### [Task statement]
Repeat the data exactly, please; no pictures belong in the copy.

### [Data below]
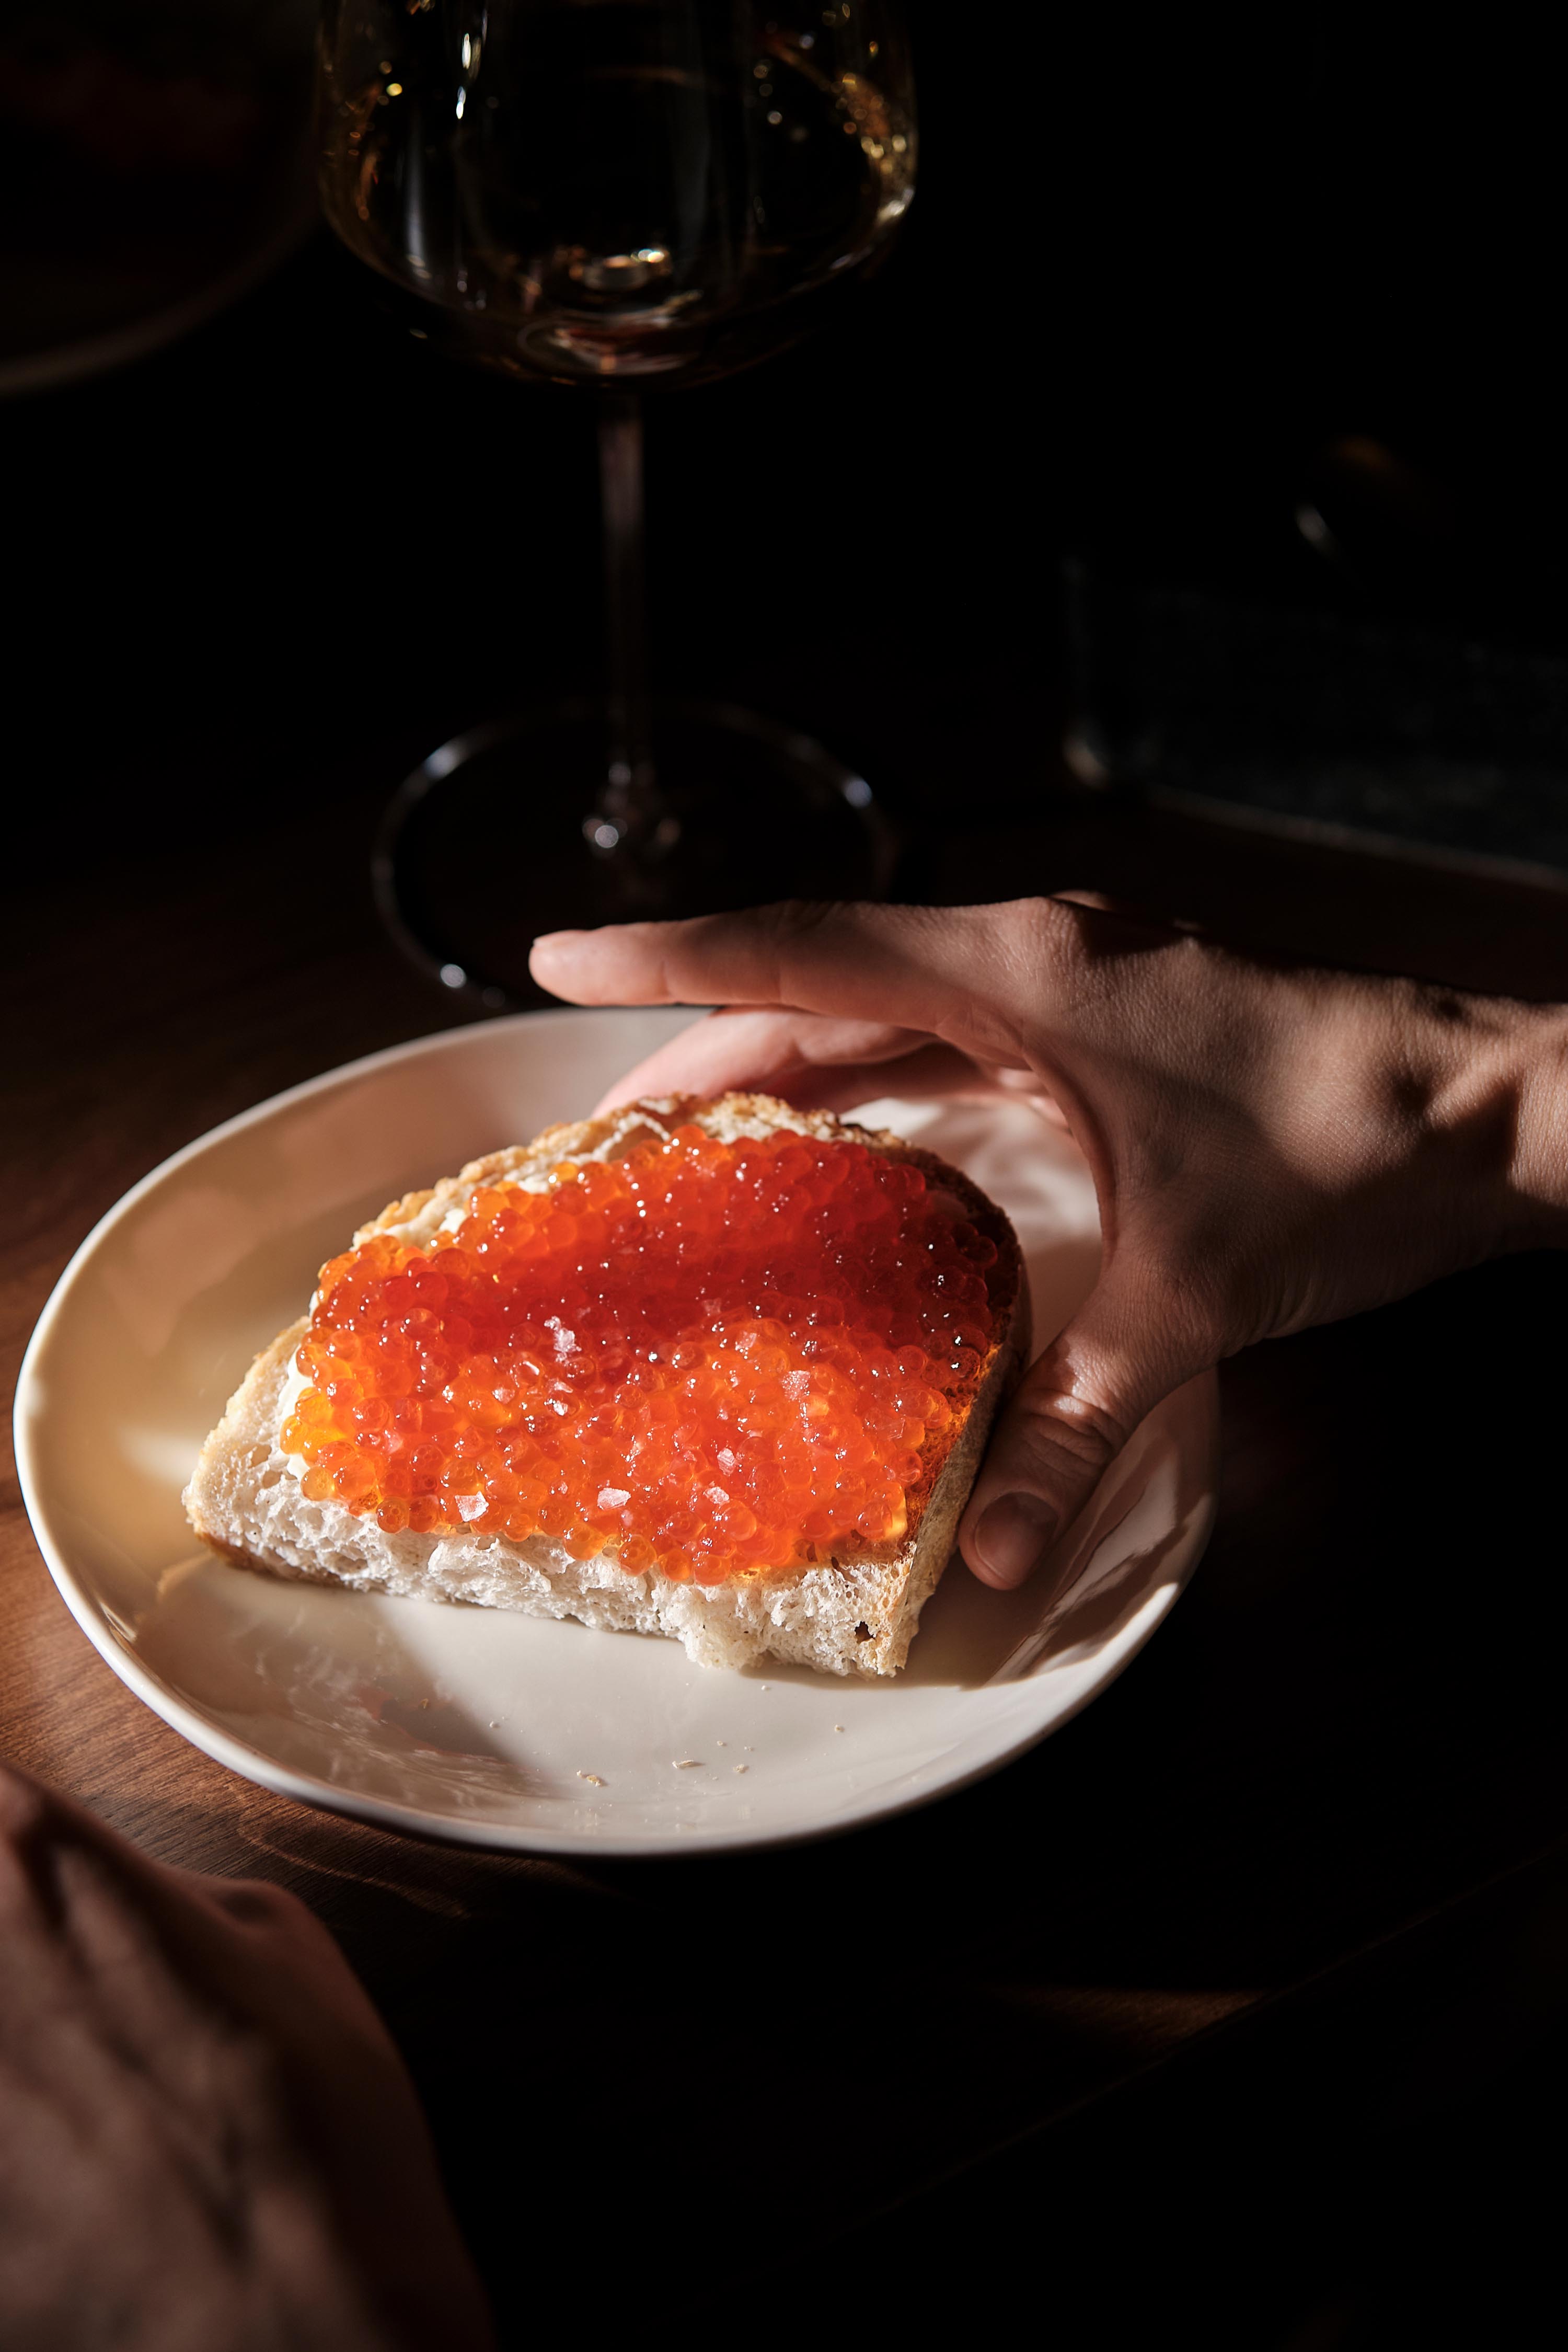 Новости ресторанов: берлинский карривурст, крудо из дорадо и бутерброд с красной икрой (фото 2)
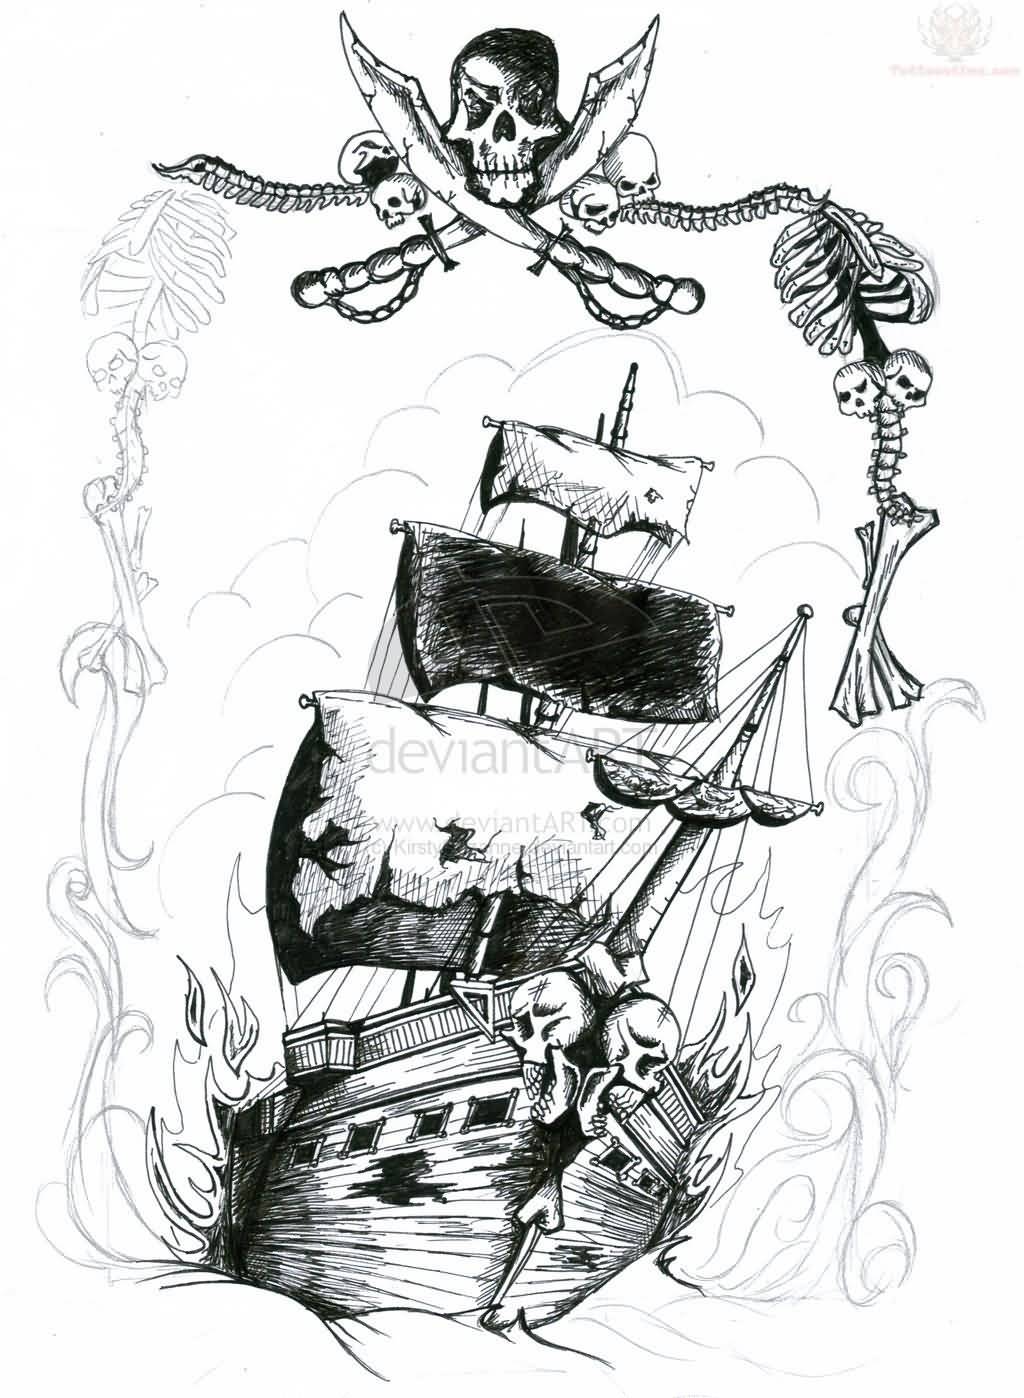 Classic Pirate Ship Tattoo Design
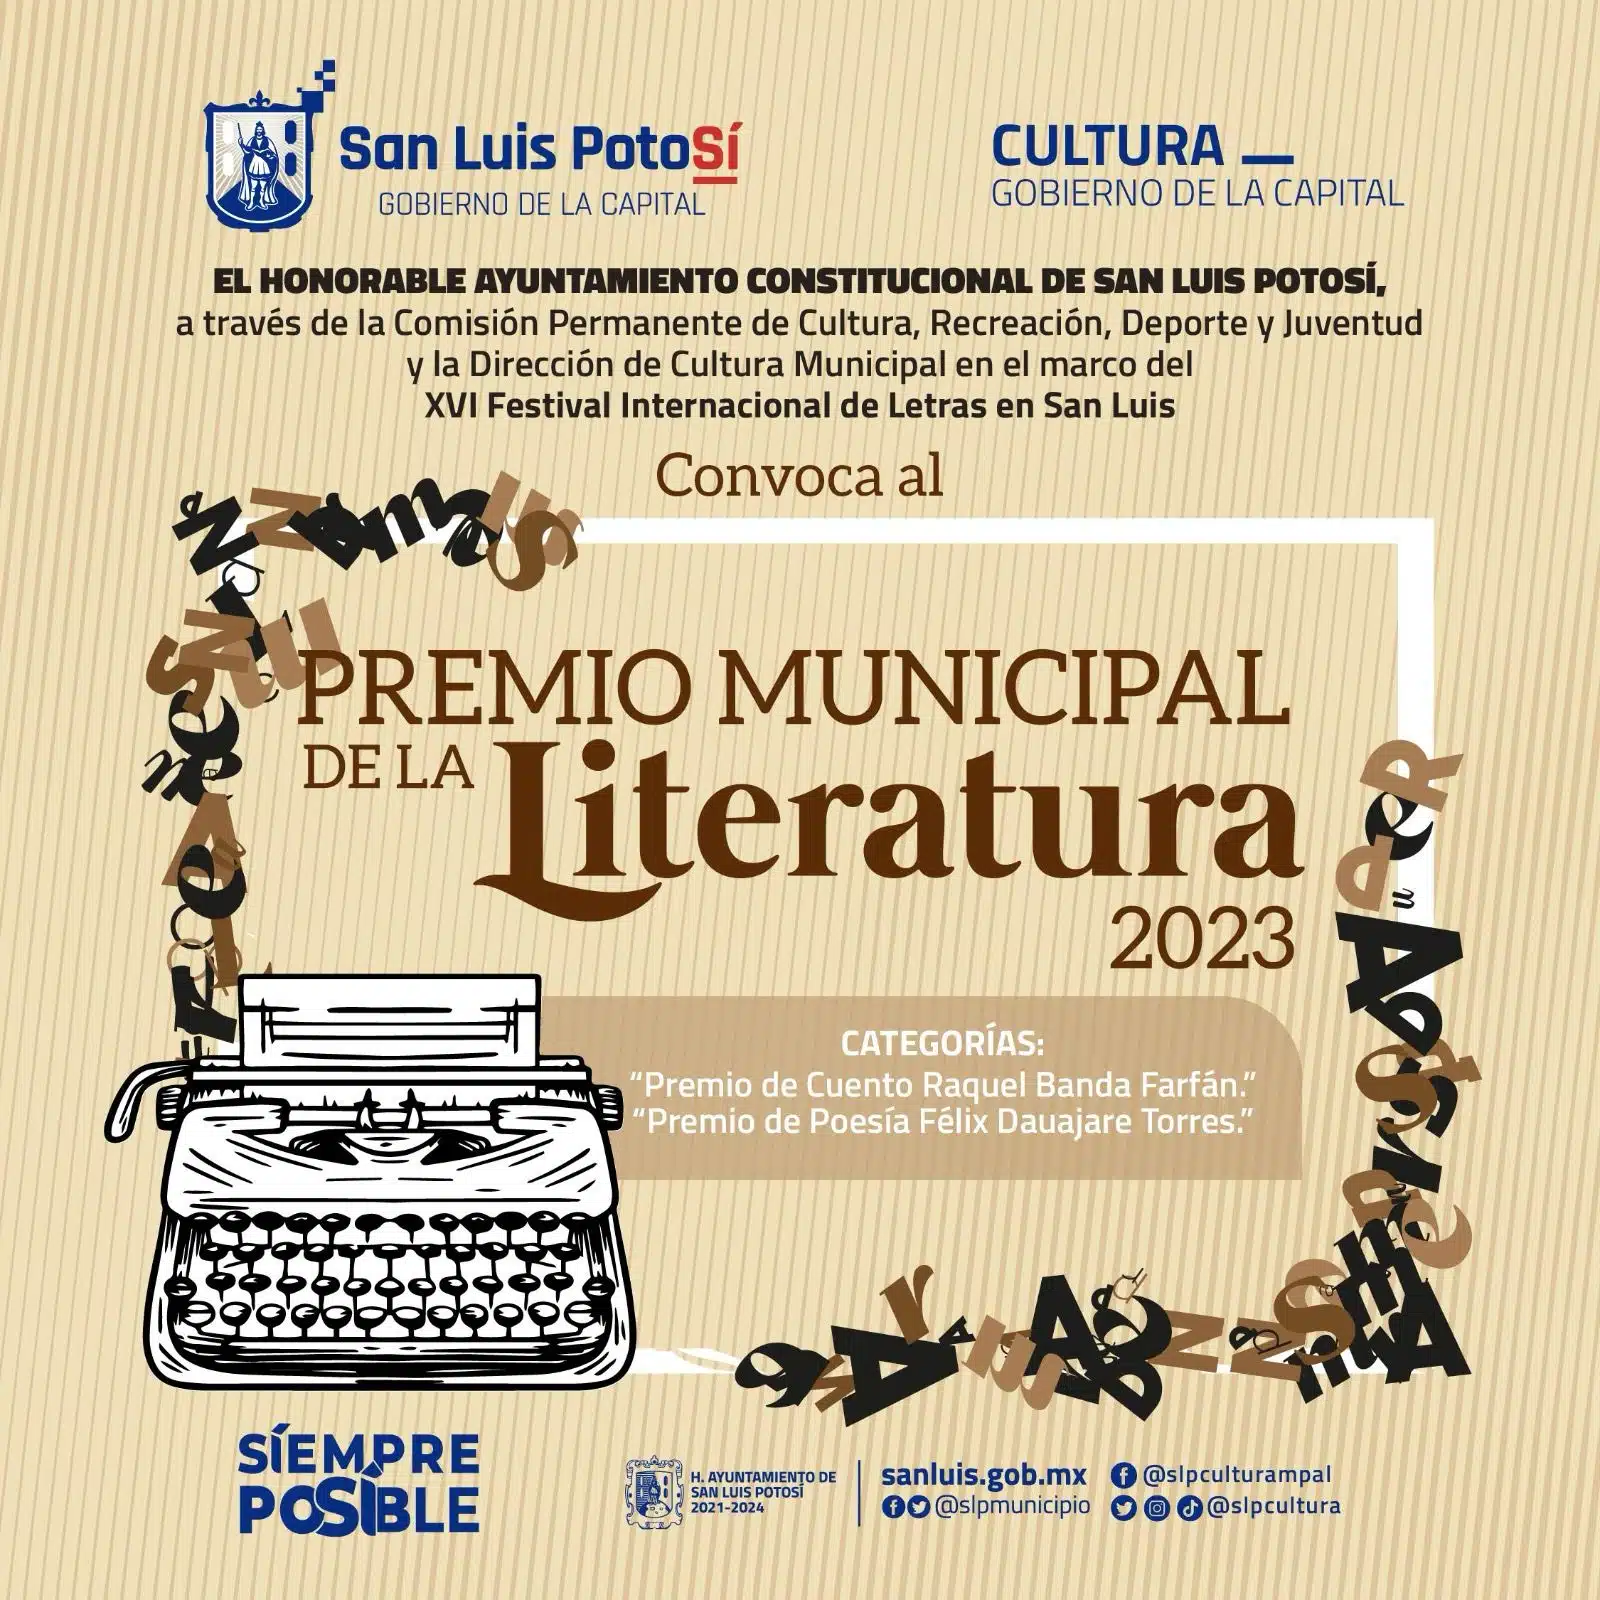 Cabildo invita a participar el Premio Municipal de Literatura 2023

### [Solution]
 Новости ресторанов: берлинский карривурст, крудо из дорадо и бутерброд с красной икрой (фото 2)
 Classic Pirate Ship Tattoo Design
 Cabildo invita a participar el Premio Municipal de Literatura 2023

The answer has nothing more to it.